We're Censoring Our Own Reality
22 December 2017
The Internet is a place where freedom of speech reigns; except where it doesn’t. While everyone is free to share their thoughts, in whatever form they take, most sites impose limits on what can be shared. This isn’t necessarily a bad thing; unlawful or hateful content don’t share a platform with lawful free speech. Sites usually explain what’s acceptable to share in their Terms of Service or equivalent document normally written in more pages of legal language than any normal person would ever care to read. These limits don’t stop everything and sites rely on users to report unacceptable content, which invites human moderation or prompts the site to automatically take things down.
Content moderation invites problems as much as it solves others. Algorithms that try to moderate content automatically are not perfect. YouTube, for example, has been combating videos that are built to make it through their filters for kid-friendly videos, but that have disturbing storylines or content that isn’t suitable for kids. When they do work correctly, algorithms aren’t necessarily unbiased; the software itself has no bias and is doing what it’s told to do, but the people who develop the algorithms might be. It’s not always intentional, either. Some things are not easy to measure directly, but might be measured indirectly; such as using a family history of crime to decide how likely it is that an individual would be to commit a crime in the future.
We don’t really know how these algorithms decide what content is acceptable and what isn’t. They are, for the most part, trade secrets to the companies that use them. However, no matter how biased, manipulatable, or downright wrong they can be, they’re applied on a massive scale. Facebook, YouTube, and other services rely on these algorithms to decide what posts stay up and what gets shown in searches.

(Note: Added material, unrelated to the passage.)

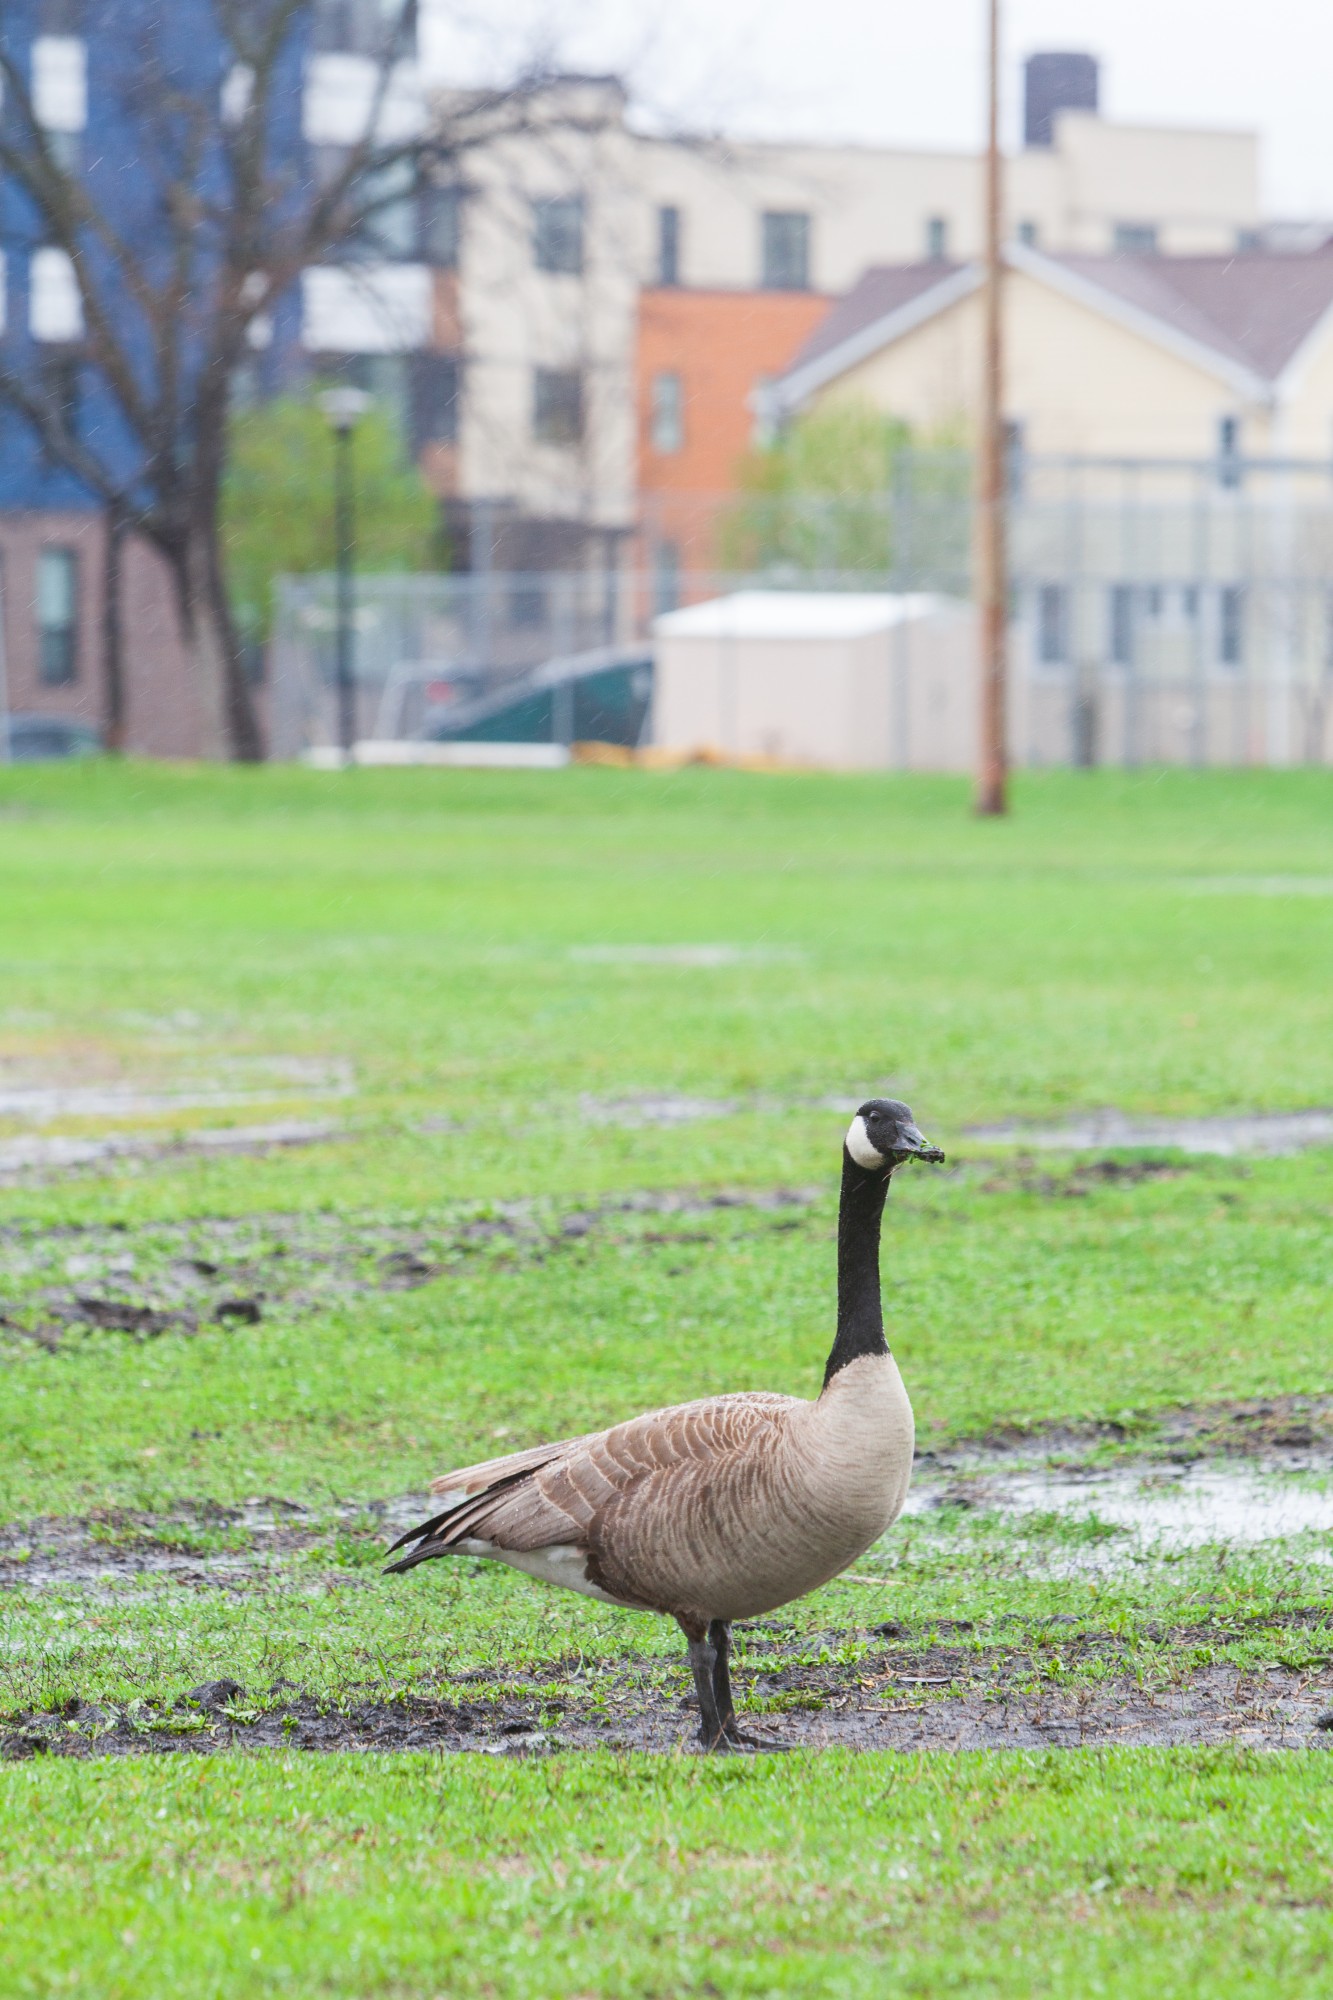 A lone goose wanders Van Cleve Park on Tuesday, April 28.

However, algorithms are not the only moderation tool online. They miss things, as we know from YouTube’s ongoing battle. To compensate, sites also rely on teams of humans to check suspect posts or on their community of users to report posts. Reddit, for example, allows users to report posts to the moderators of communities and to Reddit itself, as well as to give negative feedback to content. With enough negative feedback, posts can effectively disappear from the site. This causes communities and even entire sites to develop a bias towards the beliefs of the majority of their users, contributing to the filter bubble effect. The algorithms that build individualized news feeds learn from this behavior as well.
Content moderation, both algorithm and user-driven, can push anything offline from content to entire communities. Brigades of users have managed to get Facebook groups and pages taken down because they disagreed with them. This type of user-driven moderation is also taking down content uploaded from people trying to expose atrocities from places such as Aleppo. While this type of content can be gory and may be inappropriate for some users, dropping it from a site entirely may be making evidence of war crimes disappear. YouTube rolled out changes recently that took down over 900 channels that were documenting the civil war in Syria. Facebook has been removing images documenting atrocities committed by the Myanmar government as of September.
With social networks removing content that users or algorithms find distasteful, we’re censoring the very networks that promise openness and global connection. While we worry—correctly—about ISPs and governments hiding content—we’re also doing it to ourselves. Worse, there’s little to no oversight to stop us, or the social networks we’re contributing to, from taking down things that are important.